I've been doing KOH preps for a while and they're simple. KOH preps don't require a special microscope. No oil immersion, polarization, etc. are needed. You just need low/med power (10X, 40X, occasionally 100X). An adjustable condenser to increase contrast may help but you can do without it.


Carl Solomon, DPM, Dallas, TX



RE: Gary Dorfman, DPM Retires After 50 Years

From: Peter J. Bregman, DPM 


Dr. Gary Dorfman has officially retired from 50 plus years of podiatry. Dr. Dorfman is a former president of the American College of Foot and Ankle Surgeons. He has given much of his time and talent working in various aspects of podiatry and has helped thousands of patients and left his impression on his fellow colleagues.


Dr. Gary Dorfman


His most recent employment was at the Foot, Ankle, and Hand Center of Las Vegas. He finished his last four years of practice doing what he loves and creating bonds with his patients and colleagues that will last forever. Though he is leaving our profession, he will be fondly remembered for his contributions and we wish him well in his retirement.


Peter J. Bregman, DPM, Las Vegas, NV



From: David Gurvis, DPM


I also have a missed appointment fee. I find the “threat” alone reduces missed appointments. Do I apply the fee uniformly? No. Actually, I hardly ever use the fee unless a patient has been egregious in repetitive missing of appointments. What I find then is that if I apply the fee, the patient goes away. The desired result. They fire me and I don’t have to discharge them!


I don’t have the fee on new patients as it is too difficult to make sure that they understand my policy, but if they miss two appointments, I refuse to take them back. As always, there is common sense.

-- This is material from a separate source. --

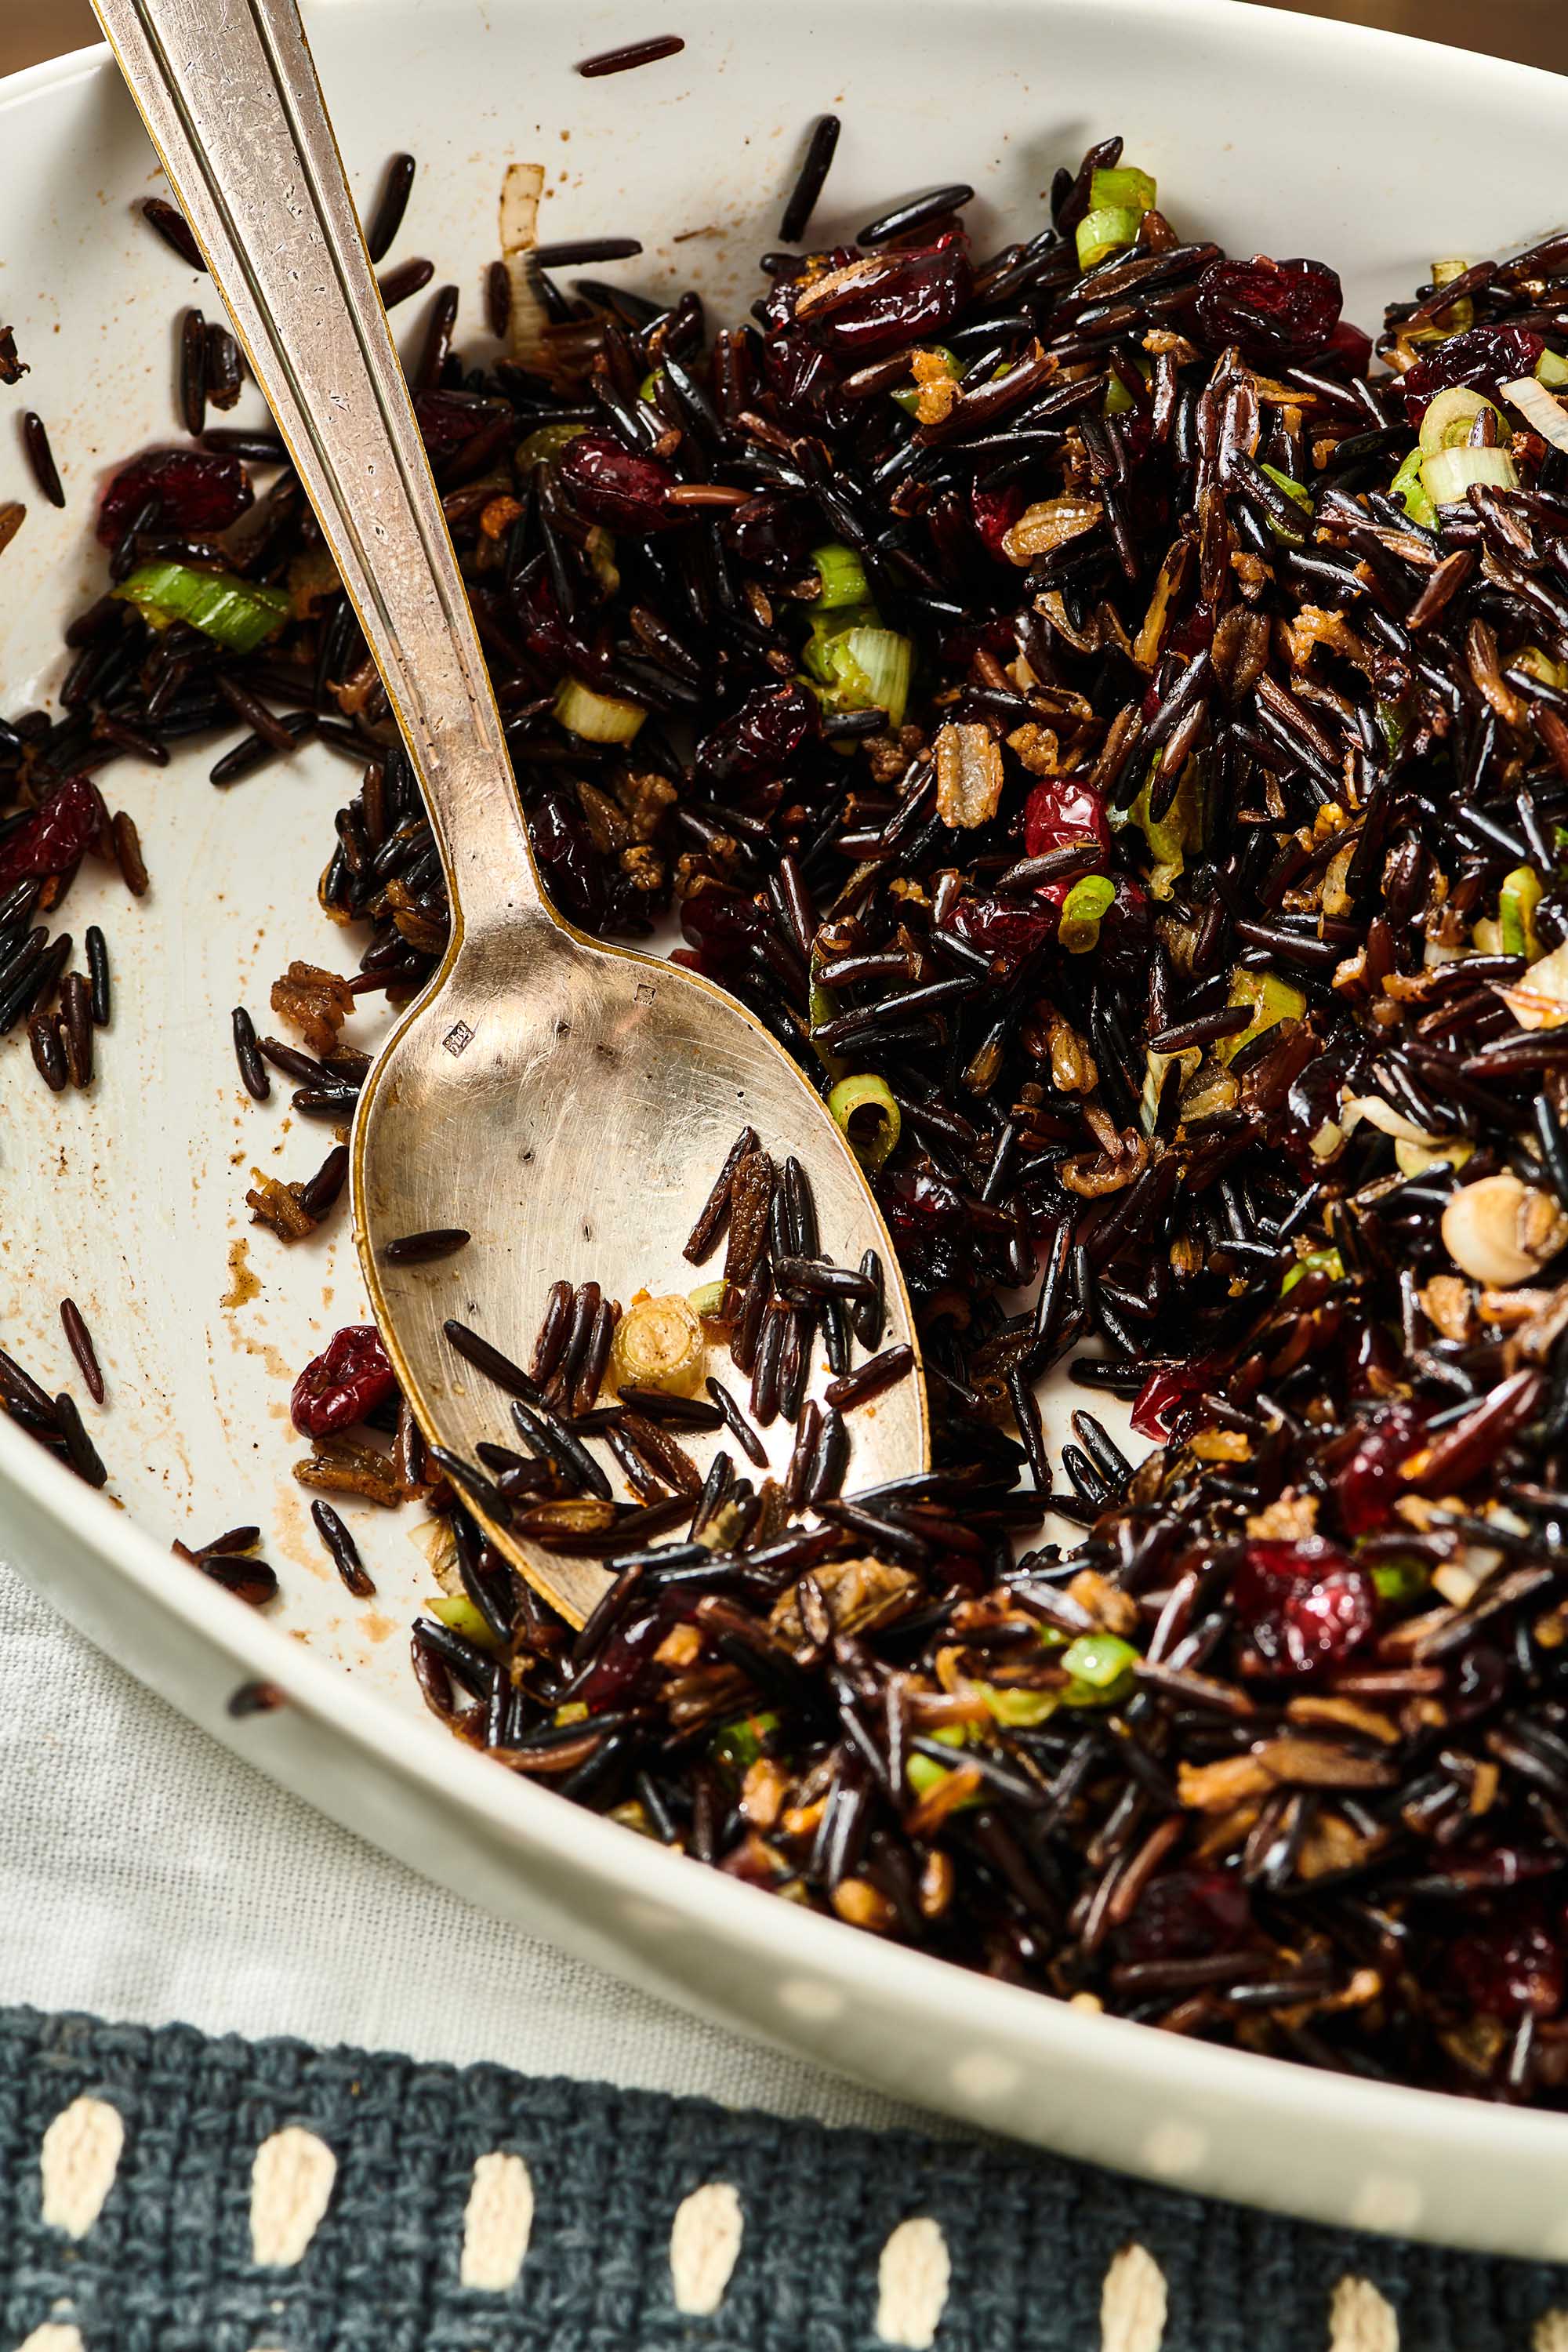 Spoon in a white dish of Wild Rice Salad with Cranberries.

Missing an appointment without a call later is frowned upon more than missing with a call later that indicates the patient is sorry and had a lapse in memory or perhaps a real reason.

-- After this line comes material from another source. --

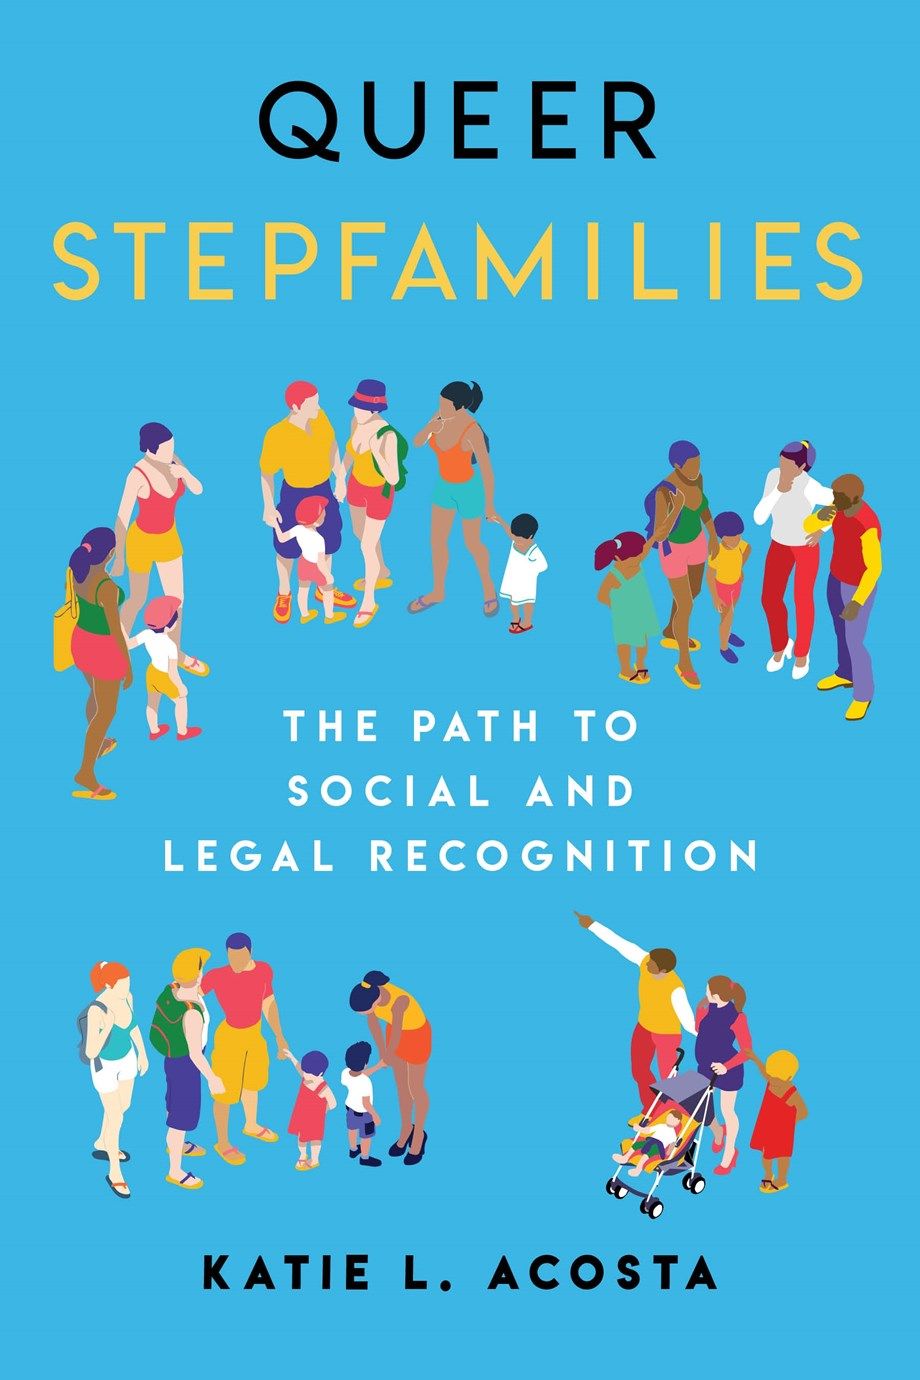 Book cover of Queer Stepfamilies

David Gurvis, DPM, Avon, IN



From: Neil B. Levin, DPM, Mark K Johnson, DPM


We have been extremely pleased with the Konica Sigma CR units. We have three of them in different offices. The base unit fits on a countertop and we use our own X-Cels without any modifications or retro-fitting. It produces great images and and has excellent tools. Lease or loan payments are about $550/mo. for 60 mo. It was our best investment ever!


Neil B. Levin, DPM, Sycamore, IL


We went with the DR system A2D2 from Foz Networks (Zac Childress) , retro-fit to our X-Cel system in 2013.  Lease to own. The A2D2 is very reliable and have good support with minimal issues. Highly recommended.